そのままこのバクバクと煩い心臓の音も誤魔化されてくれているのを祈っていると、七海さんがサングラスを外して胸元にしまった。ゆっくりと瞬きをして瞼を開くと、大好きなエメラルドグリーンの瞳が現れる。
「…お見合いはどうしたんですか?」
「…丁重に、お断りして参りました。」
そうですか、と淡々と相槌を打ちながら、七海さんが細く溜息を吐き出す。呆れて引いているだろうか、怒っているだろうかとすっかり忘れていた不安が顔を覗かせる。でも、私はもう逃げないと決めたんだ。いつもなら俯いてしまうけれど、握りすぎて指先が白く冷たくなってきた手を開きながら耐えた。が、その分反射的についギュッと目を瞑ってしまって、脳内で自分を叱咤し何秒か置いてからどうにか恐る恐る目を開けて七海さんを見上げる事ができた。
「貴女は、まったく…」
そこには呆れながらも、優しさが滲み出るような眼差しの七海さんがいて喉が小さくなる。

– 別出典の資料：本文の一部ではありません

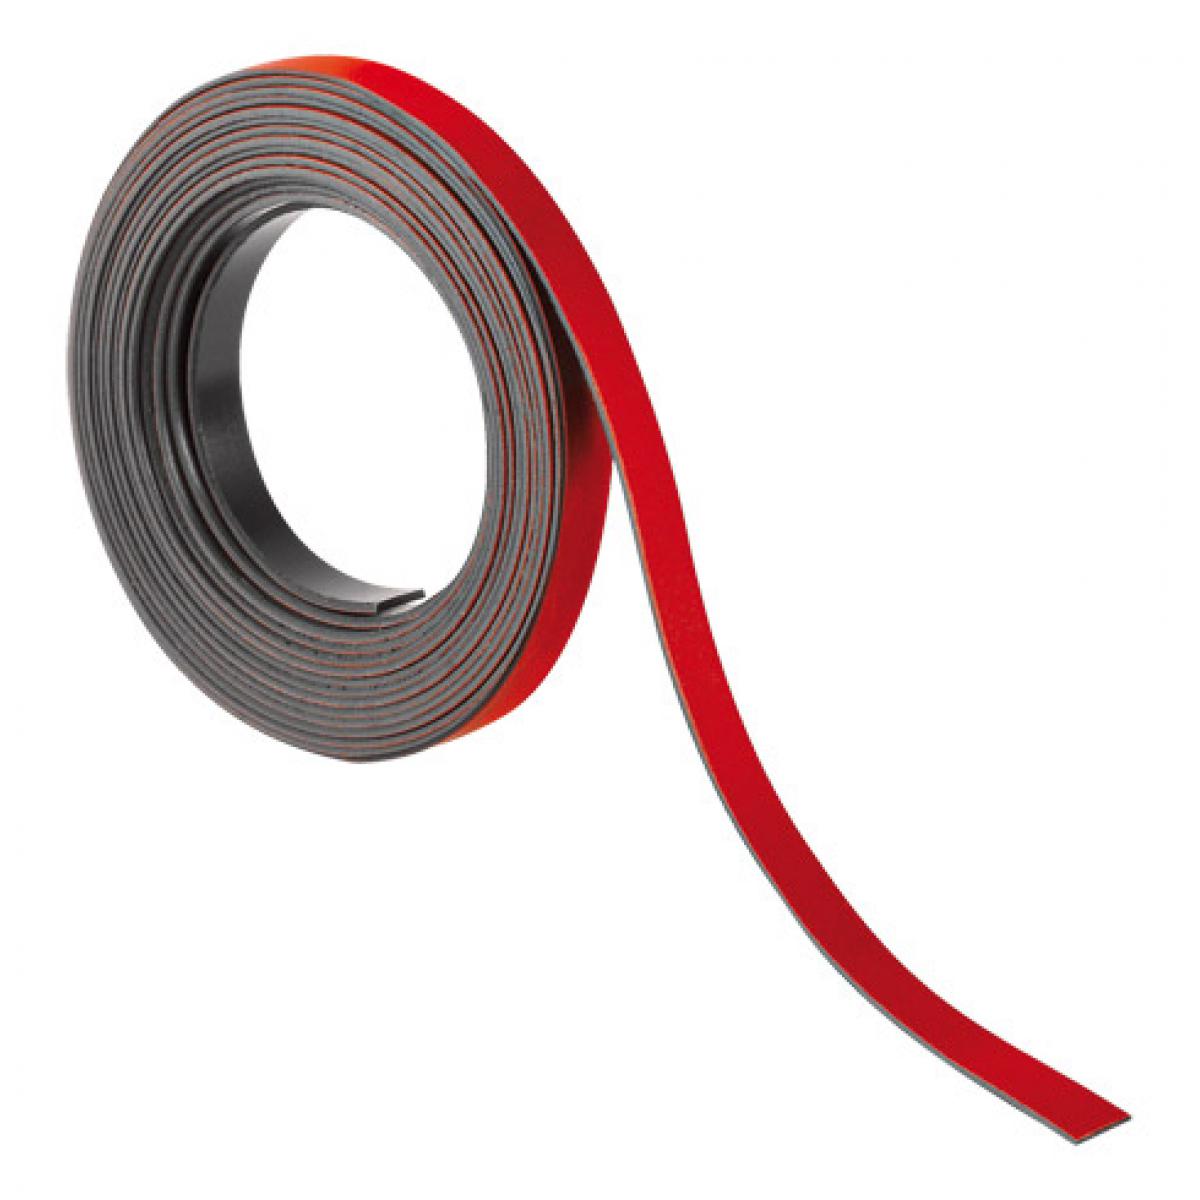 marque generique - Ruban magnétique 5 mm x 2 m rouge - Accessoires Bureau

「すみません。でもやっぱり七海さんに気持ちを伝えないと、私…ずっと悔んで後悔して、自分を偽って生きて前に進めない気がして…!」
悪い癖でつい手元に視線を落として、色付いた爪先に意味もなく触れる。そうモゴモゴと言い訳がましく呟いていると、視線の先の自分の手に大きな手が重ねられて、すっぽりと覆い包まれてしまった。
「何を勝手に終わらそうとしてるんですか?」
「え?」
その手は当たり前に七海さんなワケなのだが。とにかく告白しよう!という気持ちで此処まで駆け抜けてきたから、その後のことを想像していなくて返事にキョトンとしてしまった。私の間抜けな様子も気にせずに、七海さんの手は私の指の先まで一本一本確認するように這っていく。

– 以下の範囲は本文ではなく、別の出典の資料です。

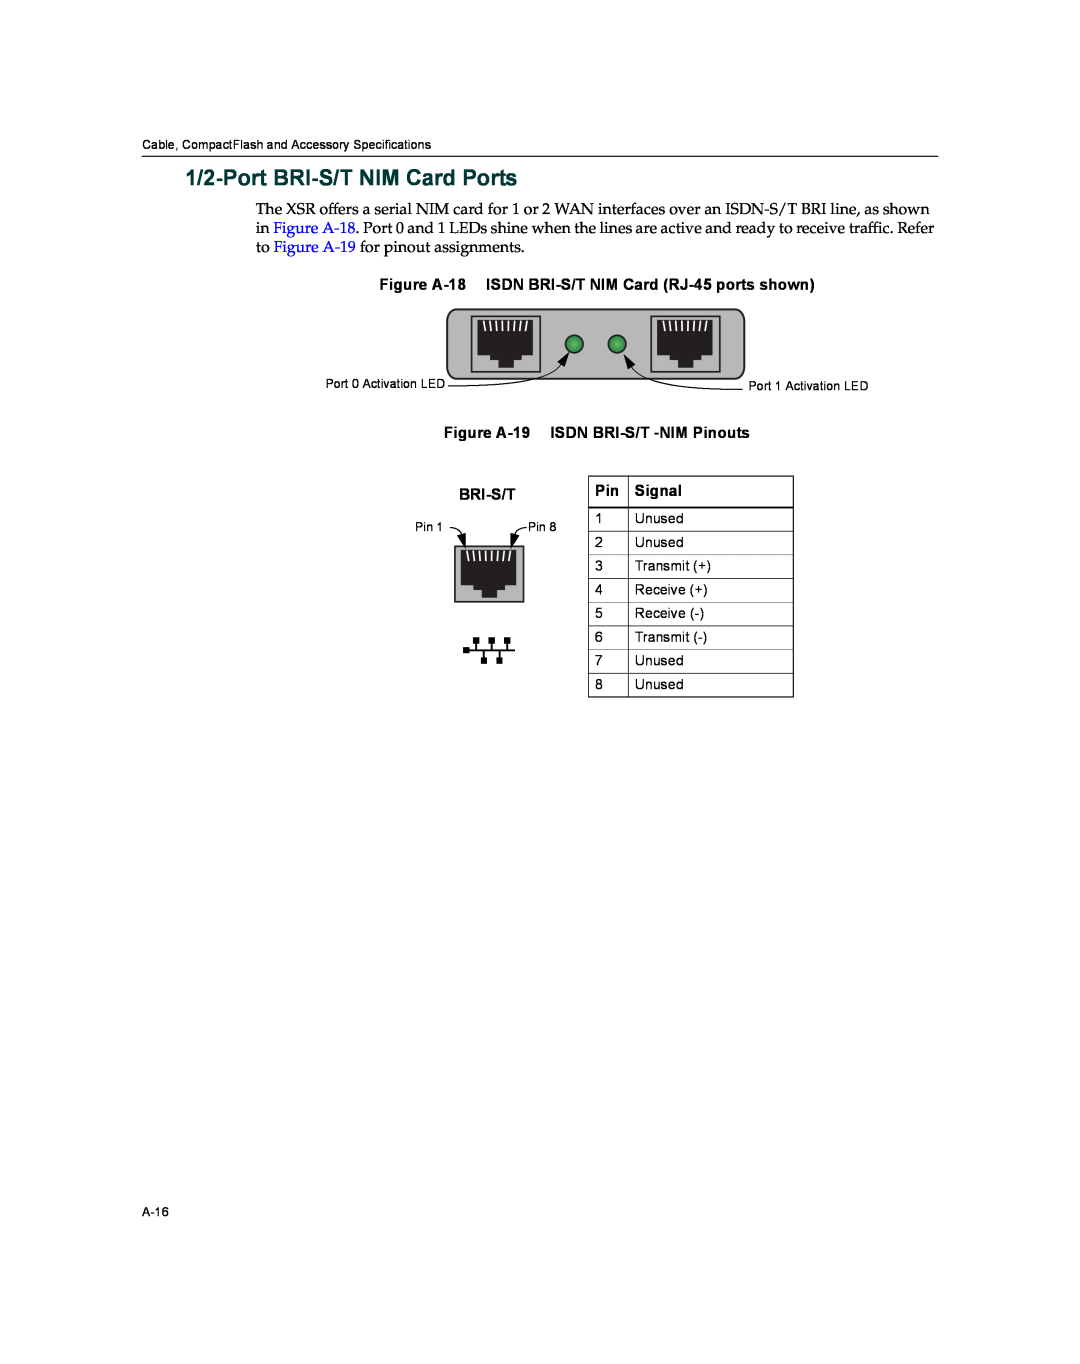 Enterasys Networks XSR-3020 1/2-Port BRI-S/T NIM Card Ports, Figure A-18 ISDN BRI-S/T NIM Card RJ-45 ports shown, Bri-S/T

「貴女を落とそうとアプローチし続けて貴女に告白しようとしたら断れ、挙げ句の果てに他のどこの馬の骨ともわからない奴に奪われそうになった時はどうしようかと思いましたが…」
さっきまで冷たくなっていたのに爪先まで熱い。七海さんの一言一言が耳から脳に溶けて、そのまま心臓に届いてるんじゃないかってくらい胸の音が煩い。彼の名前を呼んでみたけど掠れてしまって、でもこんなに至近距離にいるから届いたのか七海さんは小さく笑った。
「私も好きですよ。もう誰にも奪われたくないので、大人しく捕まって下さい。」
そういうと、私の手を掬ってそのまま指先に口付けた。チラリとコチラを見上げる瞳はもう決定事項と言わんばかりに語っていて、もう逃げられそうにないとゴクリと唾を呑み込んだ。